Postpartum depression occurs in about 10% to 15% of births, and affects the mother's mood, thinking, and functioning. The mother feels severe feelings of sadness, worthlessness, helplessness, and guilt; her thought pattern is characterized by pessimism and hopelessness.
Additionally, mothers may experience an inability to enjoy playing with the baby. They may experience a lack of warm connection, and may not feel the sense of connection and pleasure typical between the baby and the mother.
In rarer cases, about one in a thousand, there is damage to the mother's ability to think clearly, nonsensical thoughts, extreme unrest, unclear thoughts and speech, and extreme insomnia.
These cases are more concerning as they can lead the mother to harm herself or her baby. When this is the case, it is recommended to turn to psychiatric and psychological care as soon as possible. Sometimes, in order to keep the mother safe and stabilize her, she may need to be committed.
WIZO set to host lecture series on postpartum depression, PTSD
WIZO and the Postpartum Women's Forum will host a free online Zoom lecture series as part of Maternal Mental Health Awareness Week, on postpartum depression and PTSD around childbirth, between May 4-7.
The sessions will aim to equip attendees with professional information and practical tools for the early detection of depression, as well as how to support family members and create a supportive environment.
Emotional therapist Yasmin Ephraim will lead a session on postpartum depression, called Looking Depression in the Eyes, drawing from her own experience.

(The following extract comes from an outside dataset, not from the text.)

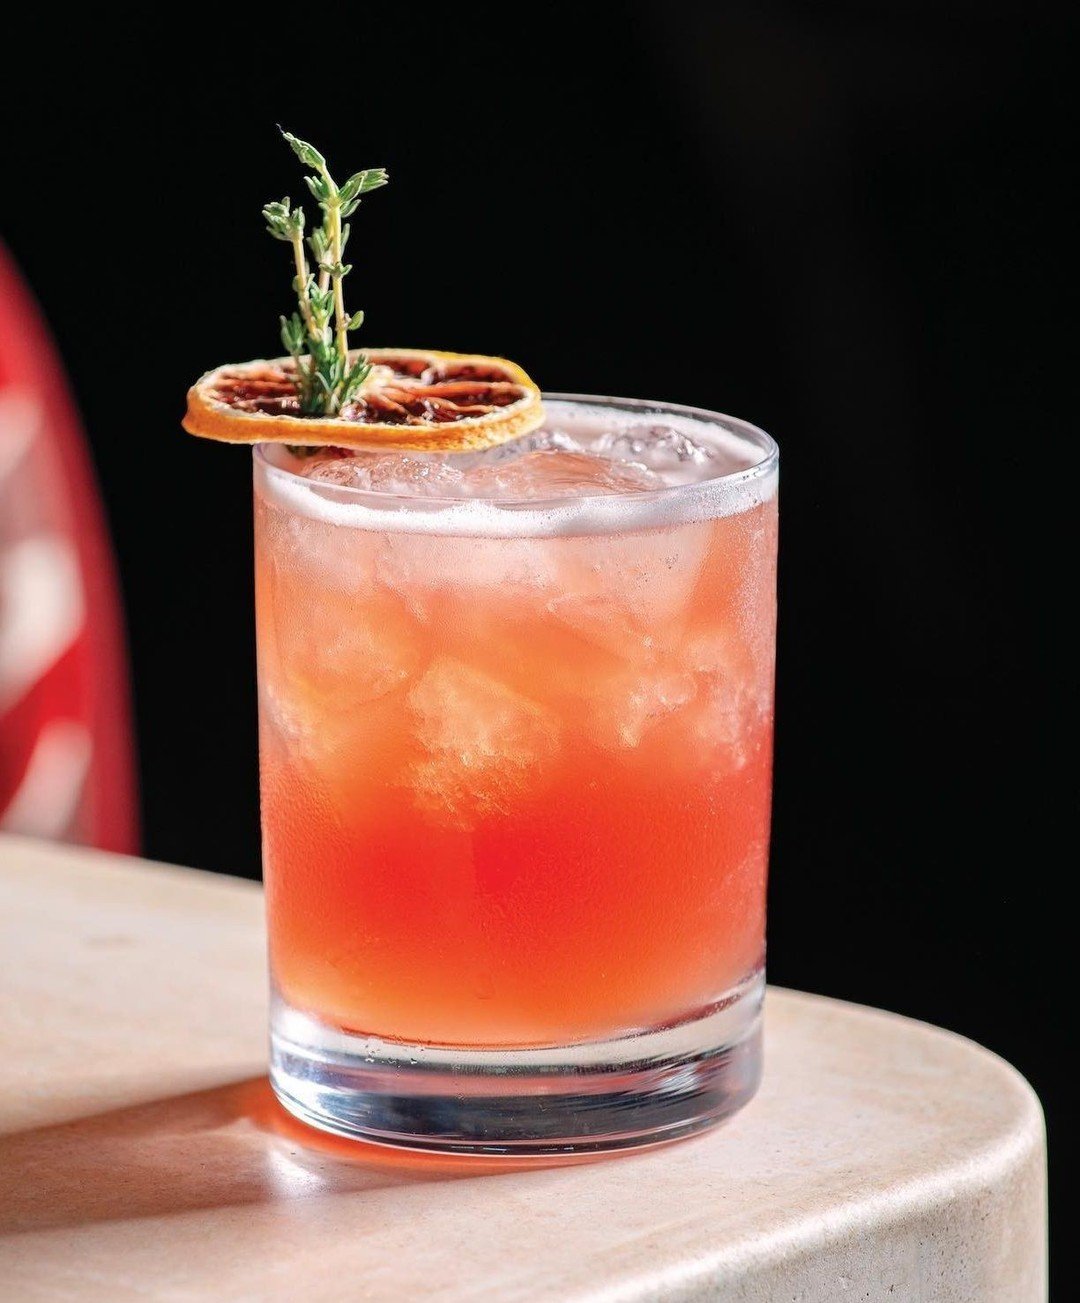 Meet Norman's 'Thyme Keeper' - as featured in @sblifeandstyle - this bourbon-amaro concoction is punched up with a housemade pomegranate reduction syrup, bruto americano, ginger beer, and topped with a sprig of thyme and a blood orange. Fresh, herbal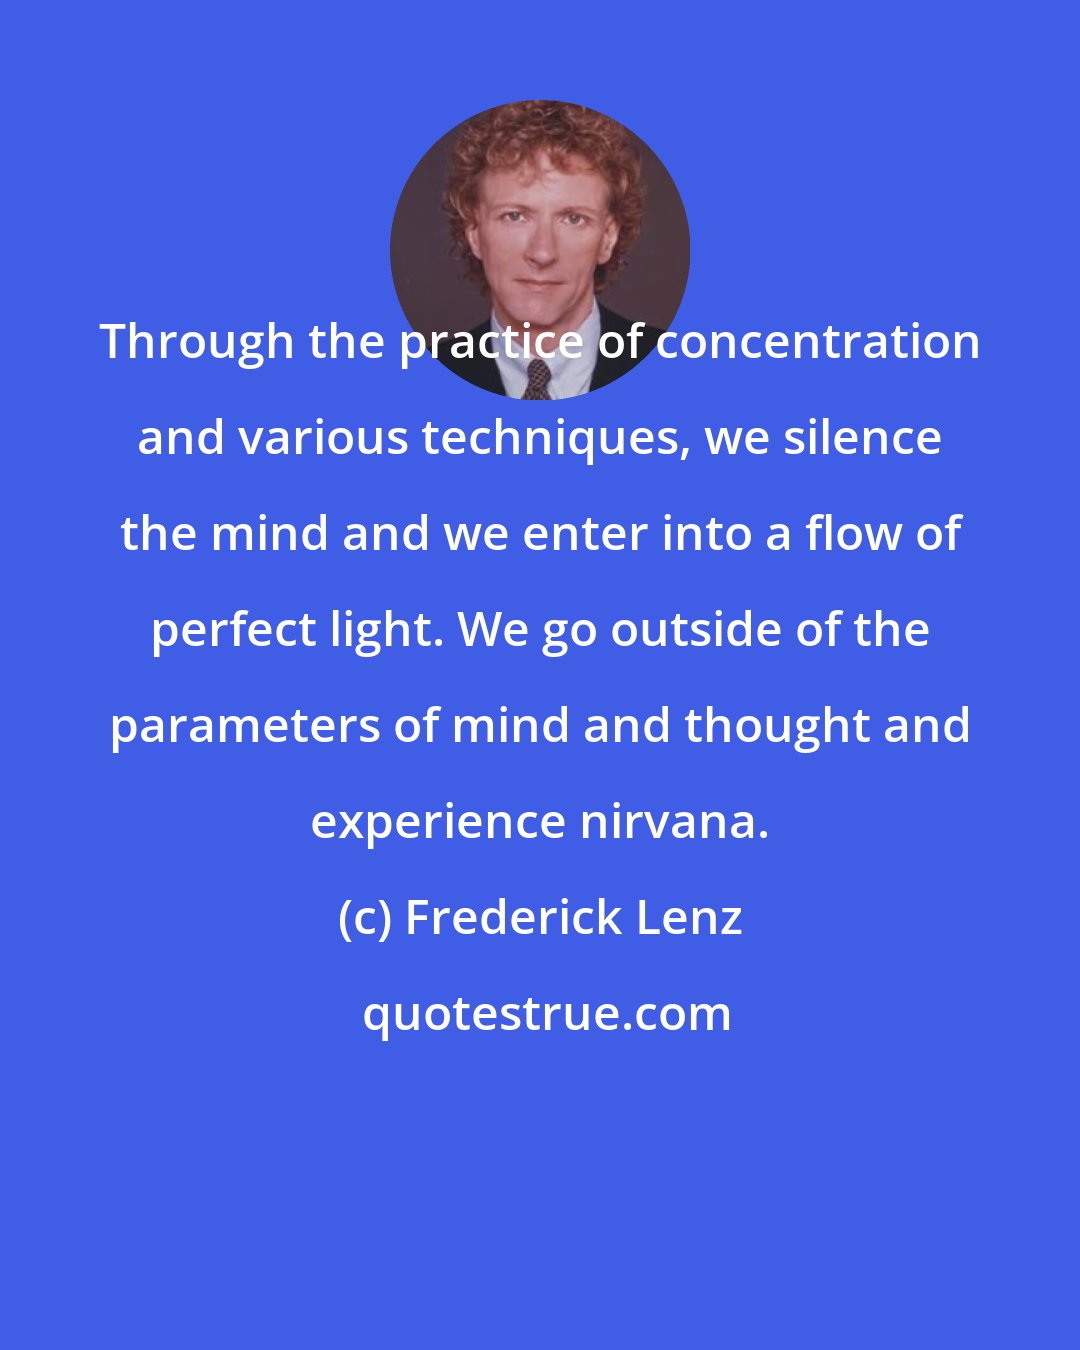 Frederick Lenz: Through the practice of concentration and various techniques, we silence the mind and we enter into a flow of perfect light. We go outside of the parameters of mind and thought and experience nirvana.

"Within a few days after the birth of my second son, I stopped feeling happy. I was not interested in anything. I woke up in the morning with a feeling of emptiness, anxiety, worthlessness. I felt terrible guilt. I did not understand what was happening to me, and the hardest thing was that it was impossible to talk about it," she said.
"I was afraid someone would find out and think I wasn't fit to be a mother," she added.
Two of the researchers behind the study, Dr Renee Bina (Bar-Ilan University) and Dr Samira Alfayumi-Zeadna (Ashkelon College), will also provide a session on the effects of the security situation on pregnant and postpartum women, presenting their findings on depression and PTSD amongst women around childbirth during Operation Iron Sword.
Some women are at higher risk of postpartum depression
No woman is immune to postpartum depression, but there are women who are at higher risk: Women who have suffered from depression prior, especially during pregnancy or after previous births; women who have relatives who suffered from mental health issues in the past; and women whose pregnancies were unwanted or were characterized by many difficulties and high risk.
Furthermore, a lack of family or friends support, relationship issues, feelings of loneliness or lack of belonging, pressure throughout the pregnancy, and trauma in the mother's past heighten the risk.
Team behind the study
The study, which was presented at the International Conference on Women's Mental Health in March 2025, was undertaken by a team of leading researchers from the field of mental health and medicine in Israel.
Those involved include: Dr Samira Alfayumi-Zeadna from the Ashkelon Academic College's Department of Nursing and the Ben-Gurion University's Center for the Promotion and Research of Women's Health, Dr Vered Bar from the Hava Center for Reproductive Psychiatry at Sheba Medical Center, Dr Galit Neufeld Kroszynski from the Beria Association for the Promotion of Women's Health, Dr Inbal Reuveni from the Department of Psychiatry at Sourasky Medical Center in Tel Aviv, Dr Vered Maugami and Dr Renee Bina from the School of Social Work at Bar-Ilan University.
Maariv Online contributed to this report.